Deafness, Autosomal Recessive 9 (DFNB9) via the OTOF Gene

Autosomal recessive deafness 9 (DFNB9) is characterized by two major features: prelingual, bilateral nonsyndromic hearing loss and less frequently, tempeture-sensitive nonsyndromic auditory neuropathy (TS-NSAN) (Iwasa et al. 2013). DFNB9-related deafness generally appears during the first two years of life as an auditory neuropathy, which is detected by electrophysiologic testing, wherein auditory brainstem responses (ABRs) are absent and otoacoustic emssions (OAEs) are present (Madden et al. 2012). However, OAEs eventually disappear, resulting in electrophysiologic testing that indicates a cochlear defect. It is important to distinguish auditory neuropathy from a cochlear defect because cochlear implants may be of marginal value in individuals with auditory neuropathy. TS-NSAN pertains to normal-to-mild hearing loss in the absence of fever or severe to profound hearing loss in the presence of fever. Hearing often returns to normal as fever resolves (Shearer et al. 2008). The global prevalence rate of DFNB9 remains unknown.

DFNB9 is an autosomal recessive hearing disorder that is caused by pathogenic sequence variants in the otoferlin (OTOF) gene, which is mainly expressed in the inner hair cells of the cochlea and the brain, and plays a major role in synaptic exocytosis at the auditory ribbon synapse (Roux et al. 2006). The OTOF gene is 21 kb in size, located in chromosome 2p23.1, and consists of 48 coding exons that encode two isoforms. The long isoform contains six C2 domains and a C-terminal domain, whereas the short isoform comprises only the last three C2 domains (Chaib et al. 1993; Yasunaga et al. 1999, 2000). To date, a total of about 110 pathogenic OTOF sequence variants have been reported, which include missense/nonsense, splicing, small deletions, small insertions, small indels, and gross deletions (Human Gene Mutation Database).

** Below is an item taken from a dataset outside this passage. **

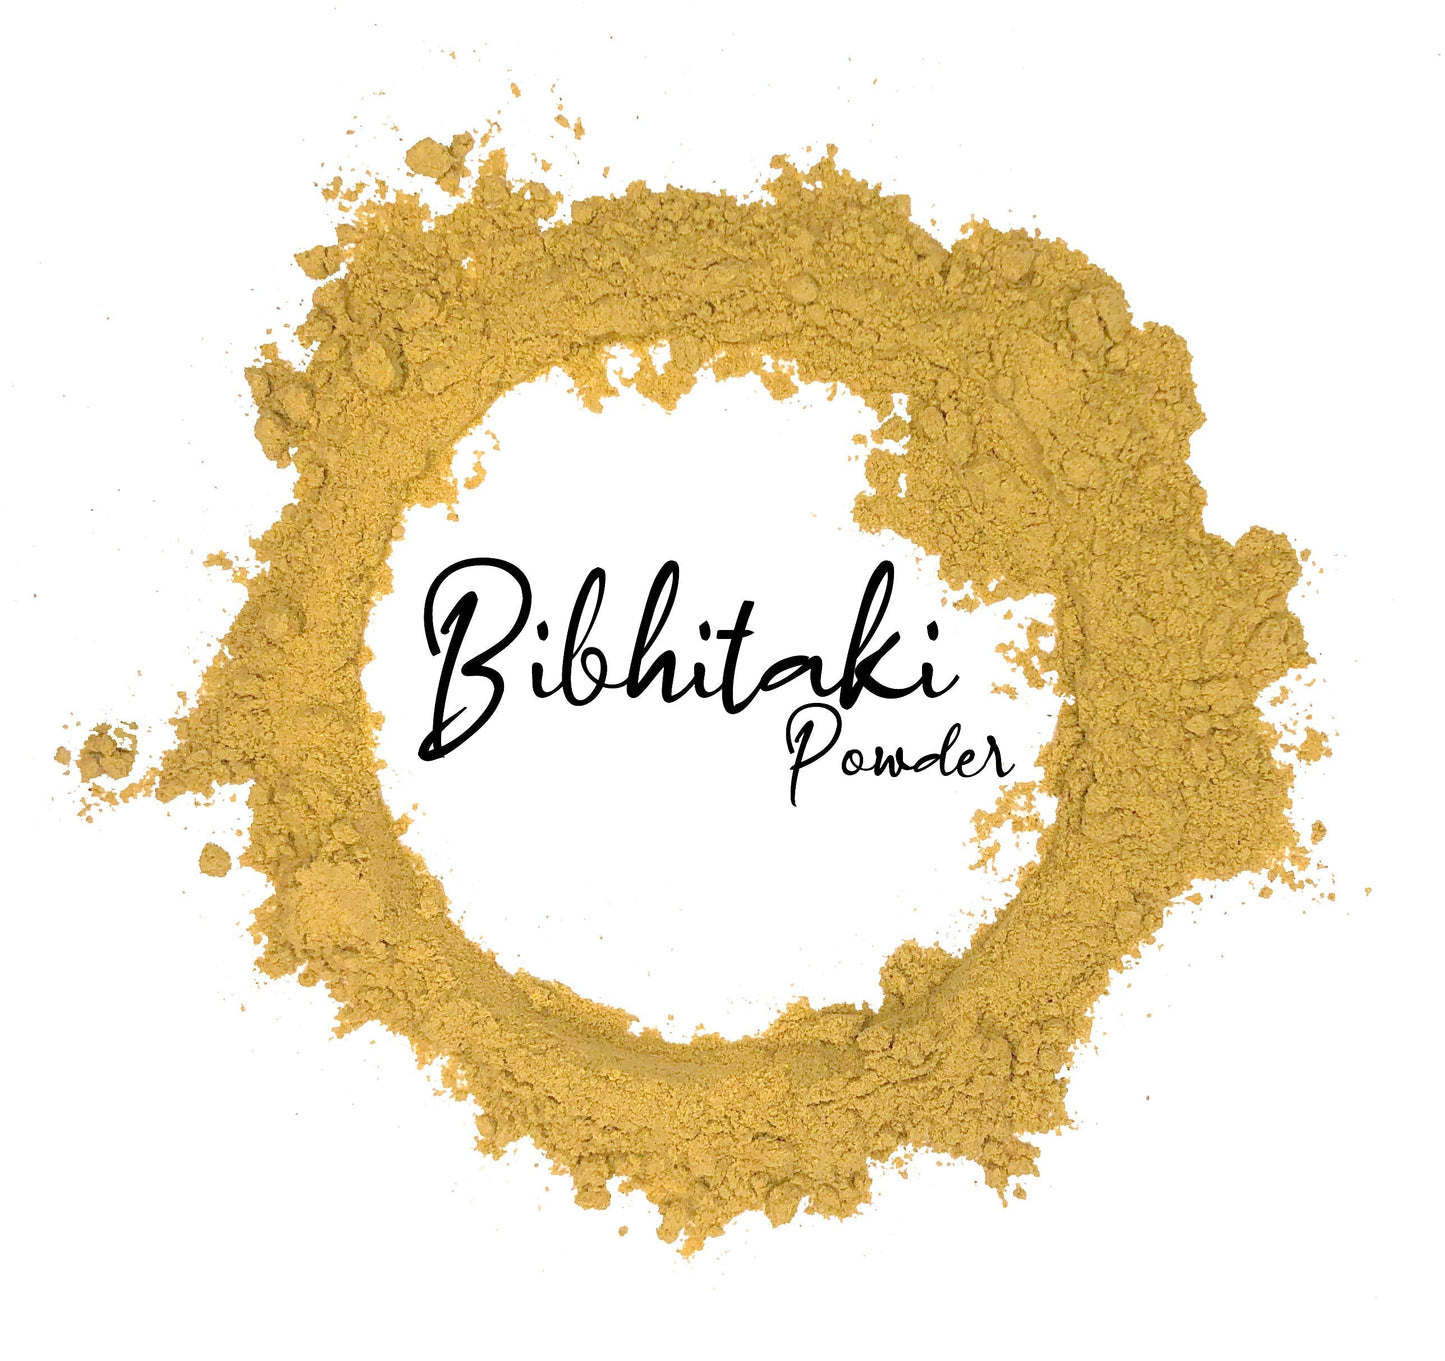 Wholesale Spices & Herbs - Bibhitaki Powder, Organic 1 lb (454g) Bag

The clinical sensitivity of this test ranges from 2.3% to 10%, depending on the ethnicity of the patient. For example, pathogenic sequence variants in the OTOF gene account for 10% (16/160) of Japanese patients with severe to profound recessive nonsyndromic hearing loss who did not harbor causative variants in the GJB2 and SLC26A4 genes (Iwasa et a. 2013). On the other hand, pathogenic sequence variants in the OTOF gene may be responsible for 7% (7/52) of Brazilian families with prelingual autosomal recessive hearing loss (Romanos et al. 2009). In China, 6.8% (5/73) of families with temperature-sensitive auditory neuropathy were determined to have pathogenic sequence variants in the OTOF gene (Wang et al. 2010). In Turkey, 6.1% (3/49) of families with prelingual deafness and no detected pathogenic variants in the GJB2, GJB6, and MTRNR1 genes harbored disease-causing variants in OTOF (Duman et al. 2011). In Algeria, 6% (2/33) of families with recessive nonsyndromic hearing loss and no detected pathogenic variants in the GJB2 and TMC1 genes showed causative variants in the OTOF gene (Ammar-Khodja et al. 2015). In Korea, 3.2% (1/32) of families with nonsyndromic hearing loss and did not carry pathogenic sequence variants in the GJB2, SLC26A4, and POU3F4 genes or mitochondrial DNA were determined to have causative sequence variants in the OTOF gene (Choi et al. 2013). In Pakistan, disease-causing OTOF sequence variants have been detected in 2.3% (13/557) of patients with recessive congenital/prelingual severe to profound deafness (Choi et al. 2009).

This test provides full coverage of all coding exons of the OTOF gene plus 10 bases of flanking noncoding DNA in all available transcripts along with other non-coding regions in which pathogenic variants have been identified at PreventionGenetics or reported elsewhere. We define full coverage as >20X NGS reads or Sanger sequencing. PGnome panels typically provide slightly increased coverage over the PGxome equivalent. PGnome sequencing panels have the added benefit of additional analysis and reporting of deep intronic regions (where applicable).

Dependent on the sequencing backbone selected for this testing, discounted reflex testing to any other similar backbone-based test is available (i.e., PGxome panel to whole PGxome; PGnome panel to whole PGnome).